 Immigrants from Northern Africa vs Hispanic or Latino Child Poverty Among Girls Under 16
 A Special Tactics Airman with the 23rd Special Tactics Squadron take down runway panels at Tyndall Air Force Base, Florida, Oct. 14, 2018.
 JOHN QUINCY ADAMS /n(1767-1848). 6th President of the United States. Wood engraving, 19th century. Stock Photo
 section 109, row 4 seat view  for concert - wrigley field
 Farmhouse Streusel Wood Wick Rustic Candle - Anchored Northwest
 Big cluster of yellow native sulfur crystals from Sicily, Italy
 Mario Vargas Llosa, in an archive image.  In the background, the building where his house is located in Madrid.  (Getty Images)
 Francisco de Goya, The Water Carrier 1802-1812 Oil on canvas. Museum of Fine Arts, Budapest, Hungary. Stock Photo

> [Task details]: Referring to the material above, set down exactly the lines between the line with "A Special Tactics" and the line with "JOHN QUINCY ADAMS", inclusive, and no other lines.

> [Written solution]:
 A Special Tactics Airman with the 23rd Special Tactics Squadron take down runway panels at Tyndall Air Force Base, Florida, Oct. 14, 2018.
 JOHN QUINCY ADAMS /n(1767-1848). 6th President of the United States. Wood engraving, 19th century. Stock Photo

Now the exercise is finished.